I prefer Waitrose, purely because I can generally go there to shop without having to listen to screaming kids. Tesco and Asda make me lose the will to live. I don't actually want to spend my leisure time listening to a tantrum or feeling like I'm babysitting other peoples' kids. In Tesco last week I had a bottle of wine in my hand, and turned around just as a child was running up the aisle. She got the bottle in the face, all accidental, but the mother was carrying on like it was perfectly fine for her little darling to be racing around the aisles.

That doesn't happen in Waitrose, well not the ones I go to anyway. And I can't help but think that if so many people have commented on the behaviour of your child, perhaps with the child being the constant, that's where the problem lies?

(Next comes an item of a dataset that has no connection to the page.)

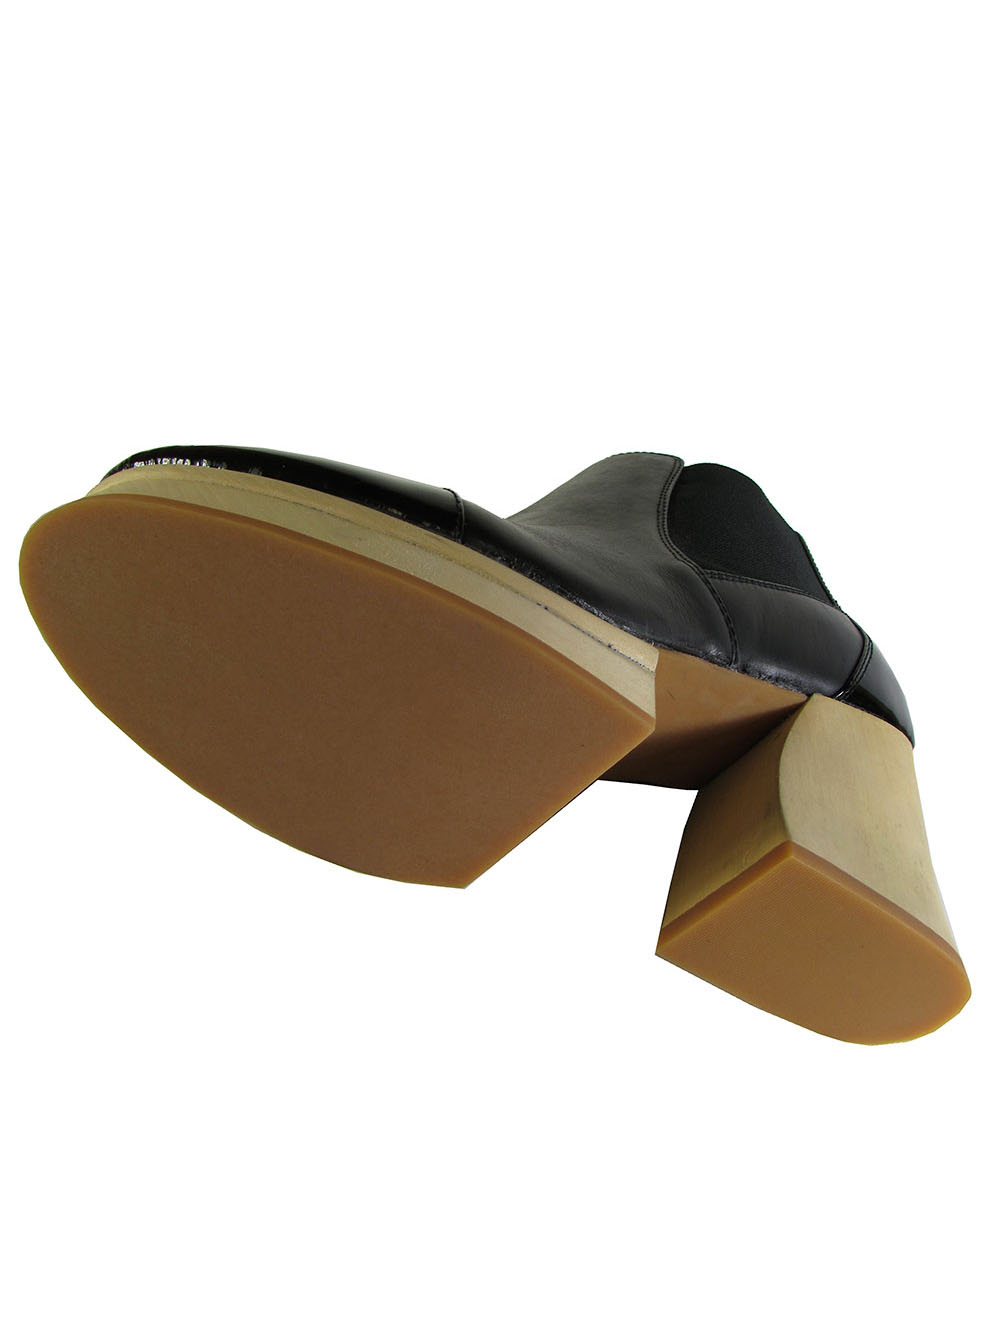 Jeffrey Campbell Womens Safara Ankle Bootie Shoe

adelaofblois · 23/08/2011 21:12

But look, so many people haven't commented negatively on the behaviour of my child. We go 'big' shopping together twice a week, with lots of little trips as well. We've been doing this for over three years. That's a hell of a lot of shopping trips from which to reckon that 4 incidents, only 3 of which could even remotely be about DCs' behaviour, eman they are uncontrolled little sods. They're far outweiged by the nice comments made about the way they are elsewhere, how it is good they are talked to, occupied, not having tantrums etc.

So why the concentration of comments in Waitrose?

OP posts:
MogTheForgetfulCat · 23/08/2011 21:15

Adela are you in Bath? I have been tutted at, moaned at, frowned at, shouldered out of the way and rammed (trolley) in the Bath branch of Waitrose, all for having the temerity to take my pram and my (mostly well-behaved, certainly not allowed to run around being a pita, DSs).

Hate going in there (it's too small, to be fair) because I am so often made to feel like a blardy nuisance simply because I have kids and a pram - but it is smack in the middle of town and I always use the adjacent car park, so it's where I always go to pick up the odd couple of bits that I have run out of, being a disorganised moron (as one poster implied anyone taking kids into a supermarket is Hmm).

Once I thought, 'Aha, I will not take the pram, I will put DS1 in the trolley and carry DS2 in the sling, thereby taking up no more room than anyone else' and thought it would all therefore be alright. No, still tutted at for allowing DS1 (2 at the time) to put an item on the conveyor belt from the trolley seat. And was doubtless regarded as an unkempt hippy for having DS2 in a sling Grin.

In conclusion, YANBU.

ApocalypseCheeseToastie · 23/08/2011 21:15

Ah, it's usually me banging on about how much better BOOTHS is than Waitrose, which of course it is Wink

Nihilisticbunny · 23/08/2011 21:16

Our waitrose is always bloody empty, I have never seen more than about 20 people in at at one time, my children are generally ok in there, unlike m&s food, where they always turn into the spawn of satan Confused.

We do internet shopping now, just entering the local Tesco raises my bp about 50 points, I can't bear it.

Hulababy · 23/08/2011 21:17

I think it is just your Waitrose.

Sounds nothing like the one I go to.

StealthPolarBear · 23/08/2011 21:23

"ssmogwi Tue 23-Aug-11 20:39:41
i still maintain busy supermarkets are no places for babies or children, people should organise their lives better and leave the kids elsewhere. it makes for a much more pleasant experience for everyone.

What absolute rubbish.

What if you have no other alternative?"

You put your child in nursery of course - magic up the money if it's not readily available. And then take the hit for being one of them neglectful mums who can't cope with real life and her children and so gets other people to raise her children for her, the bitch.

What rot, my children quite enjoy going to the supermarket and I enjoy taking them. Is there anywhere else (other than the obvios, pubs, clubs, A&E depts), that are "no places for babies or children"?